Task brief
Give the data again exactly as written, without any of its pictures.
═══ Given material ═══
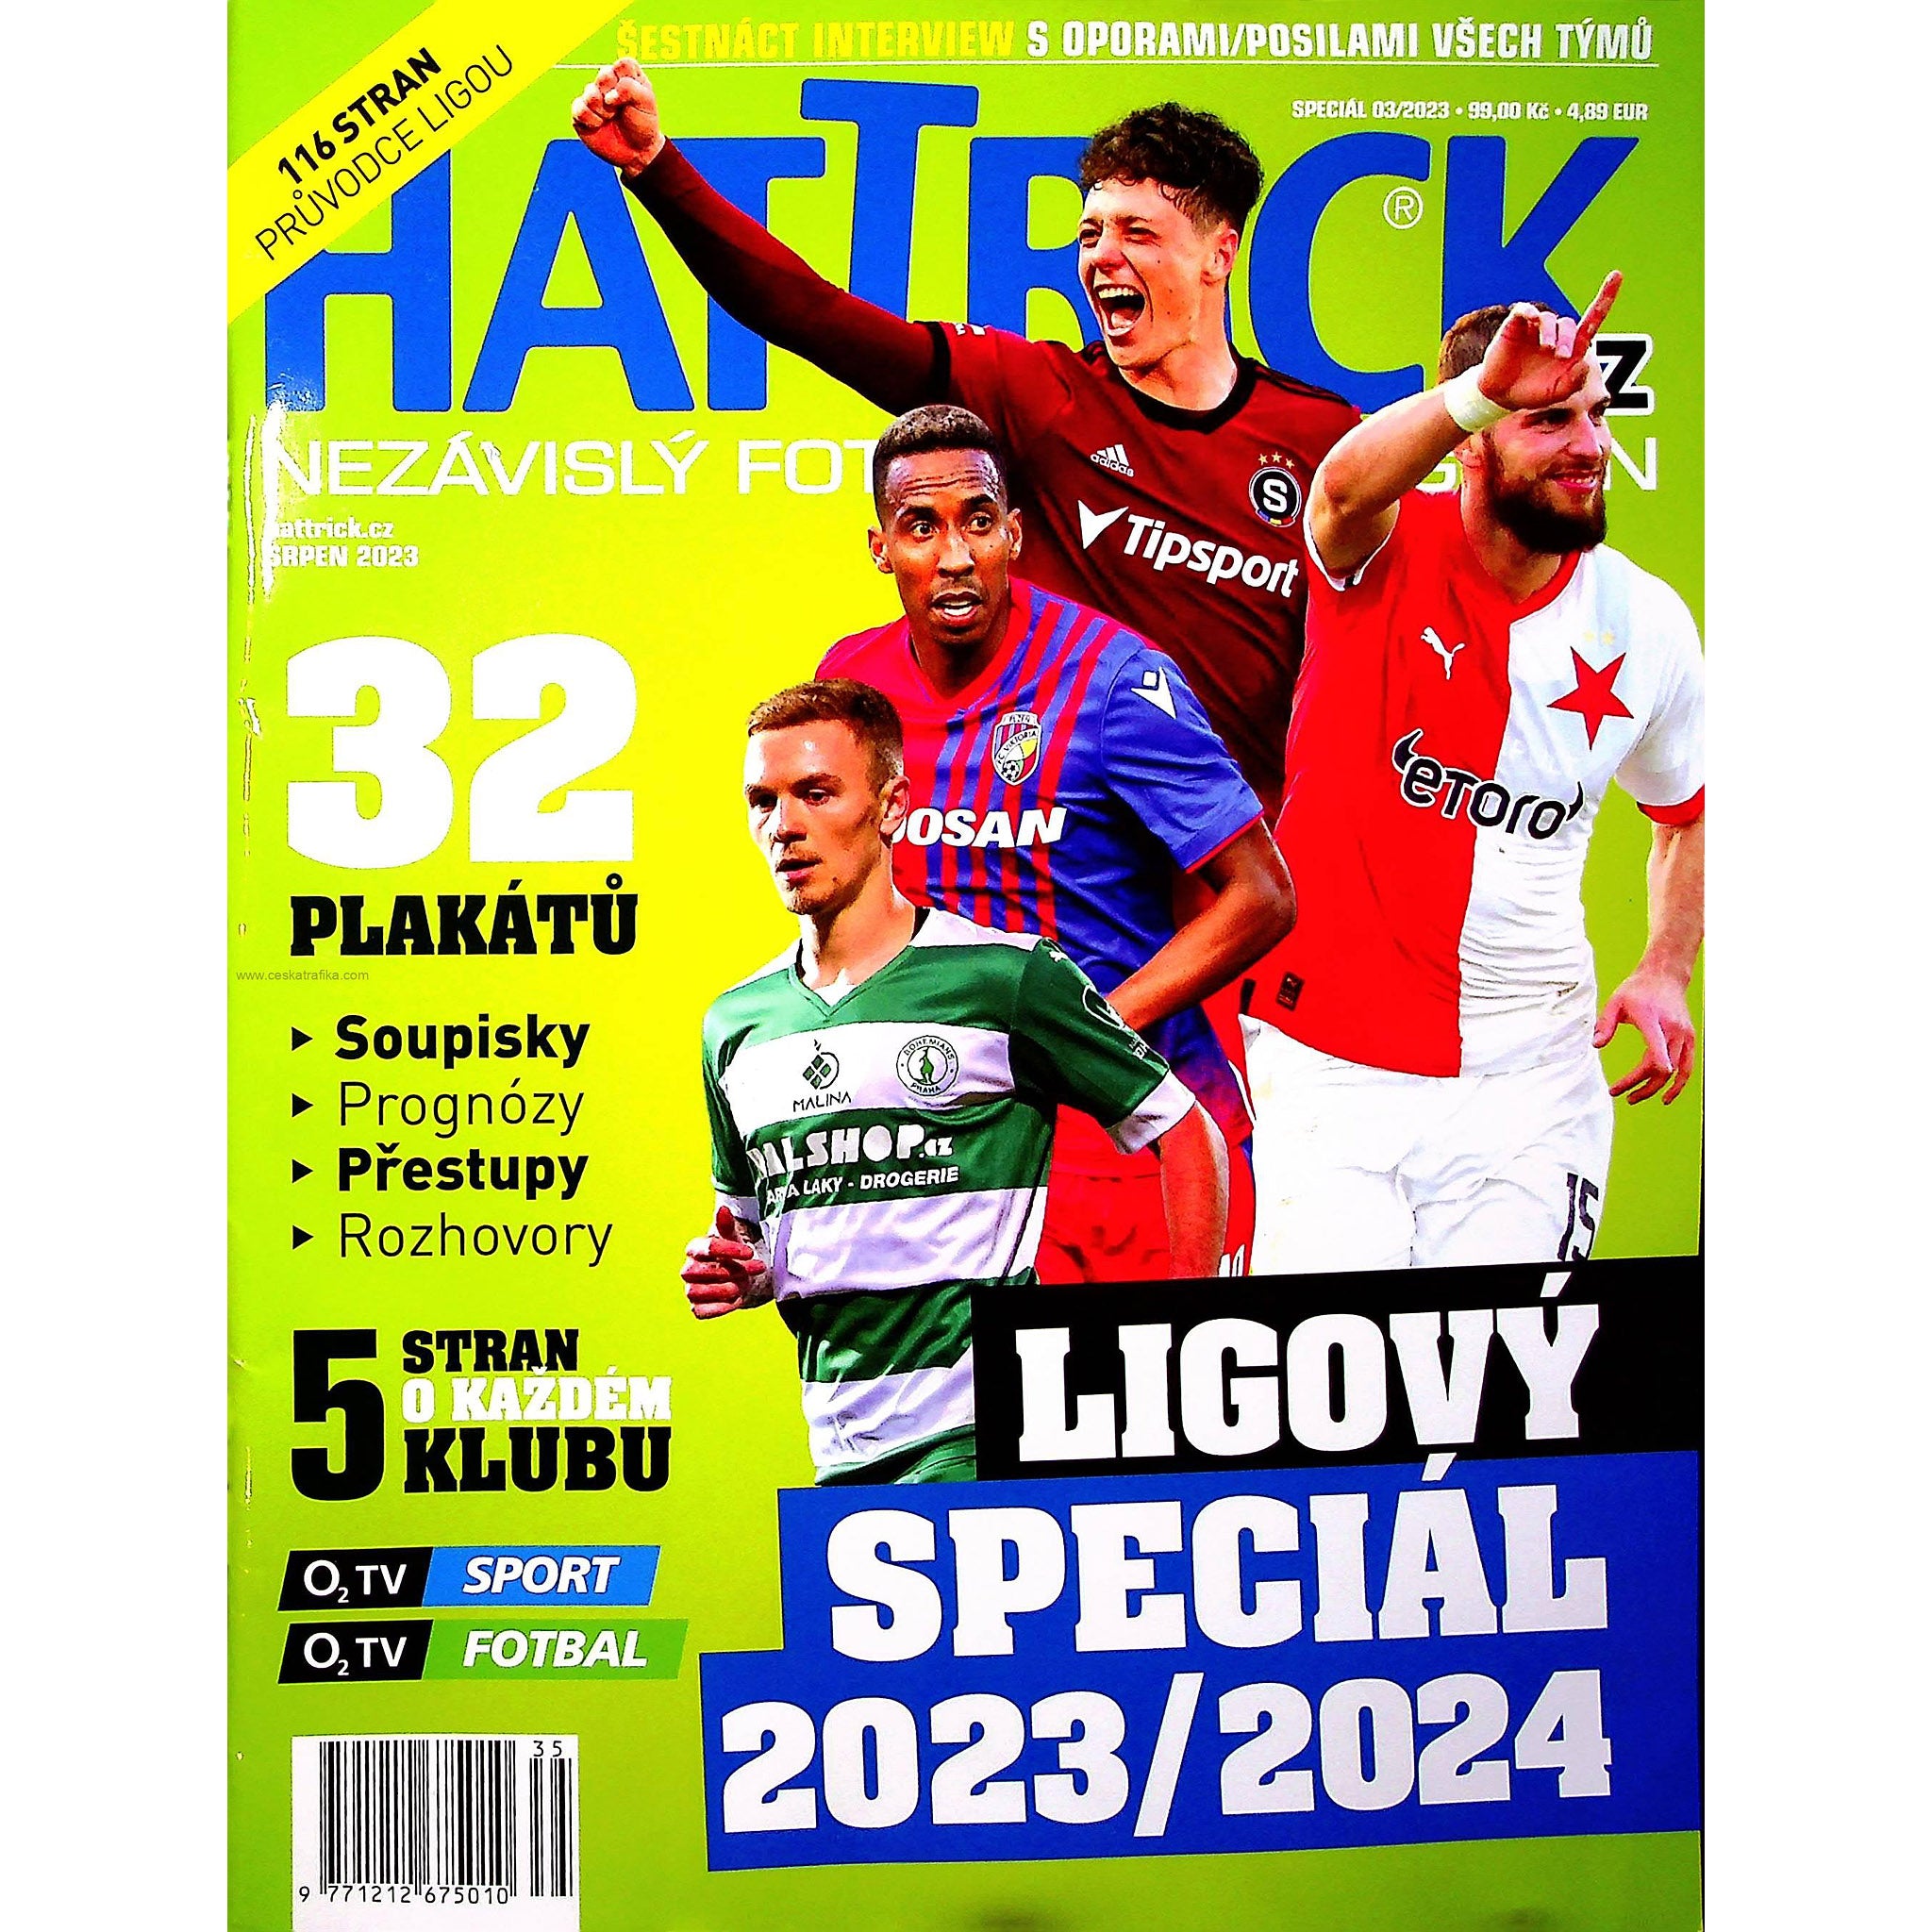 Hat Trick Ligovy Special 2023/2024 (Czech Republic Season Preview)
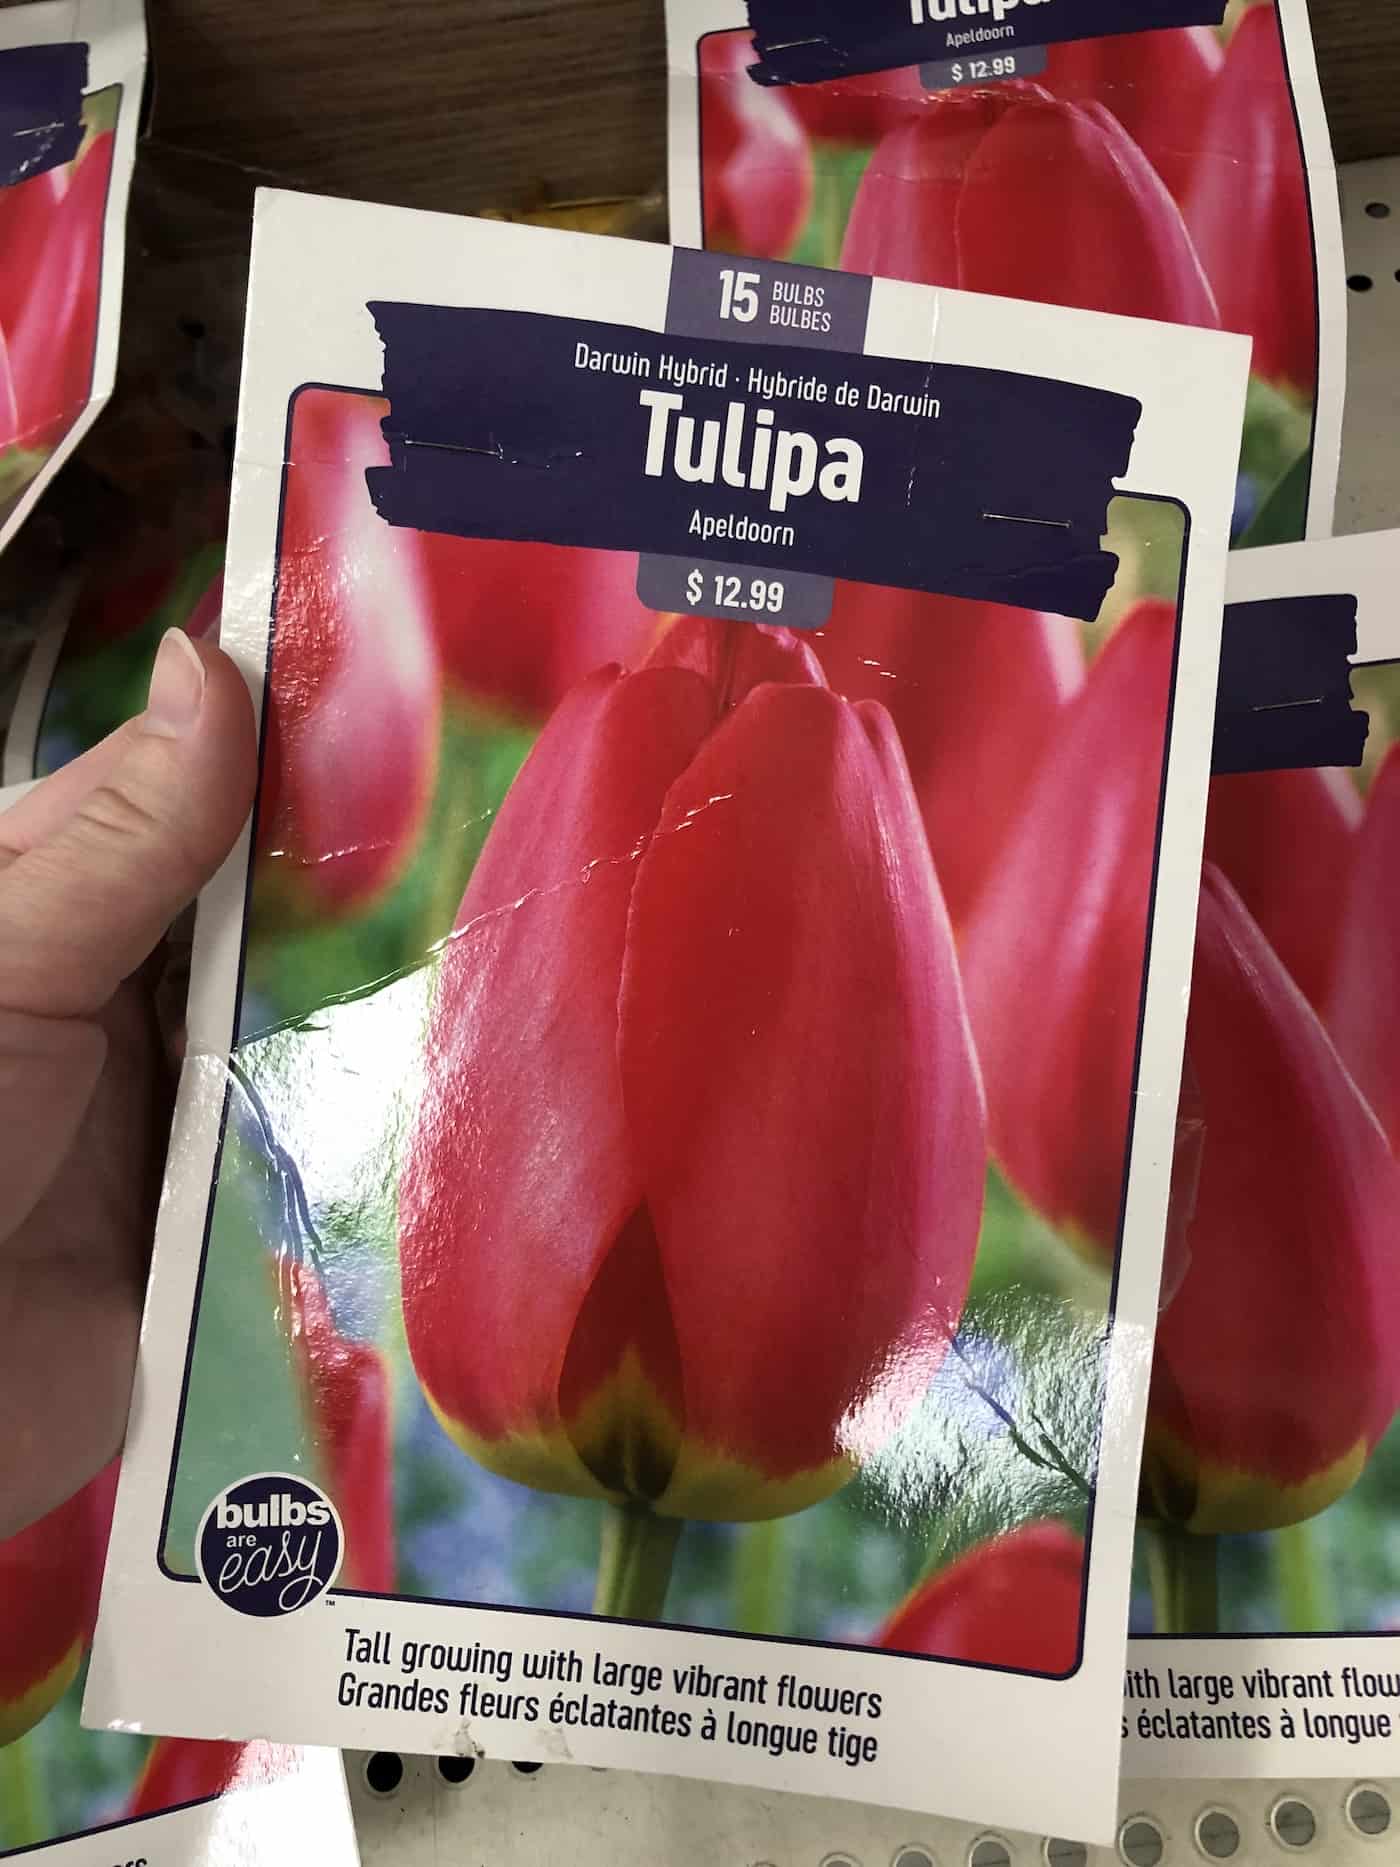 Apeldoorn darwin hybrid tulips
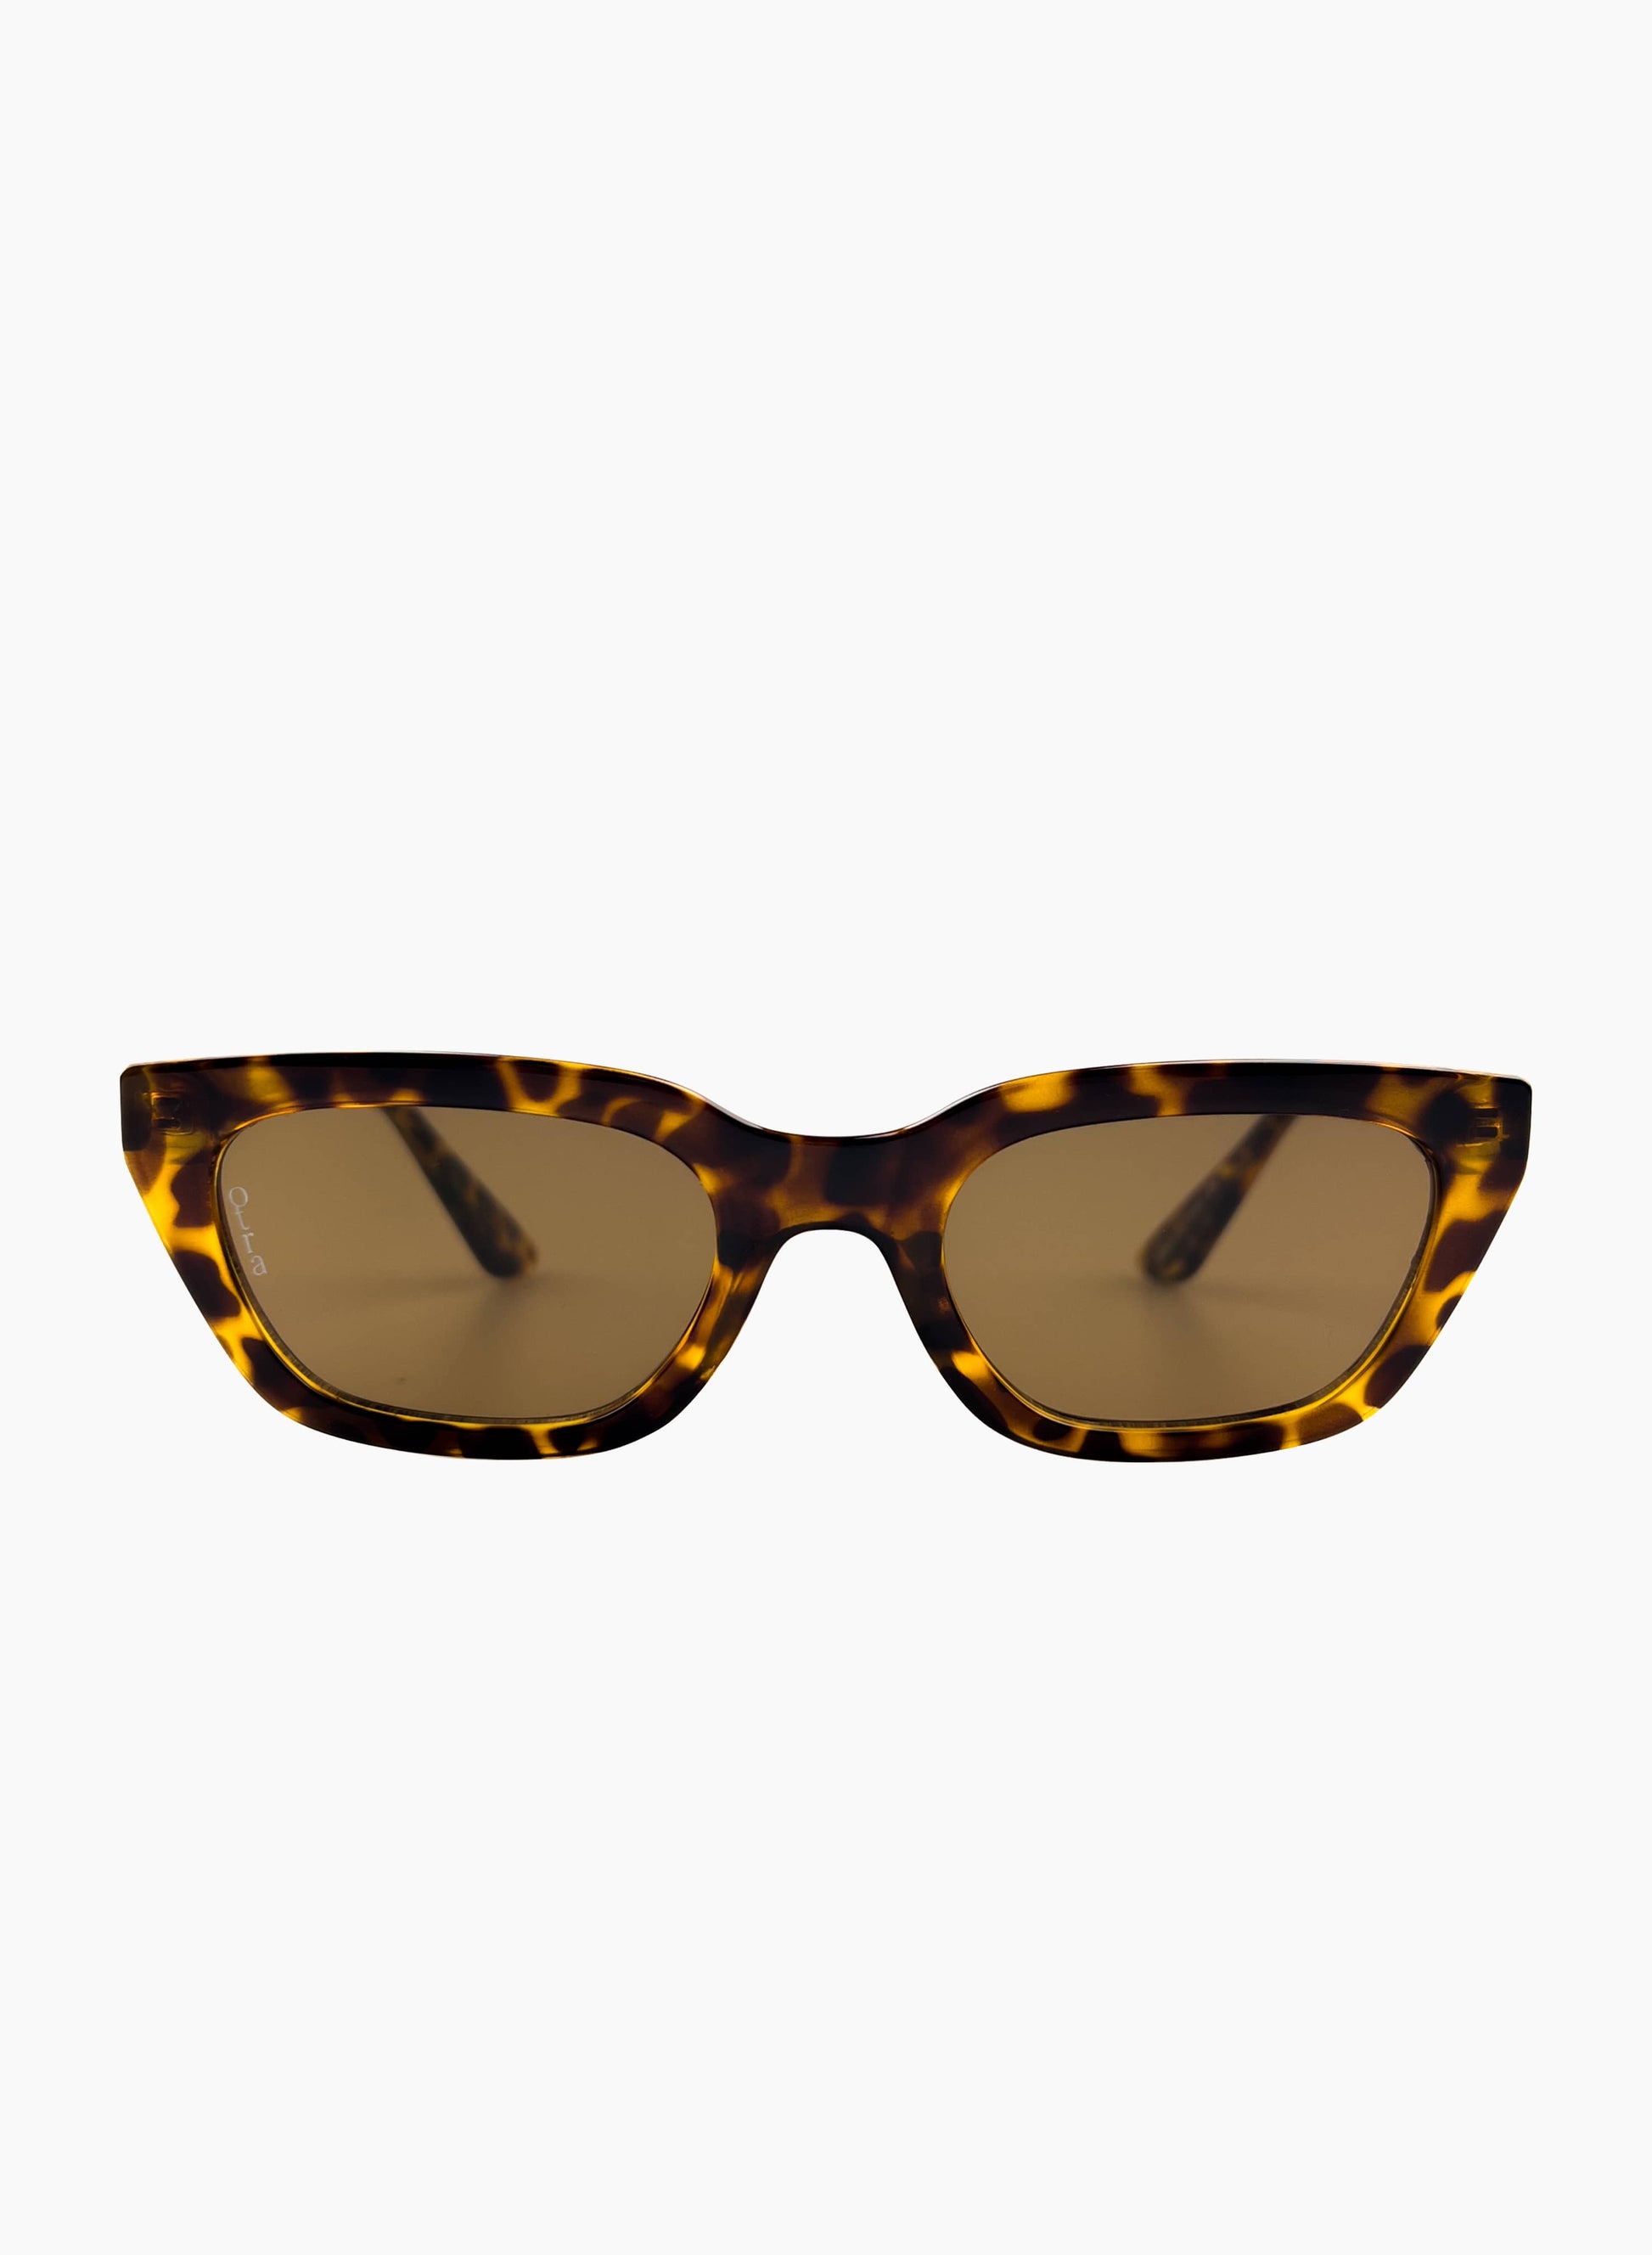 NOVE cateye sunglasses in brown tortoisehelle
═══
Output for this task
 Hat Trick Ligovy Special 2023/2024 (Czech Republic Season Preview)
 Apeldoorn darwin hybrid tulips
 NOVE cateye sunglasses in brown tortoisehelle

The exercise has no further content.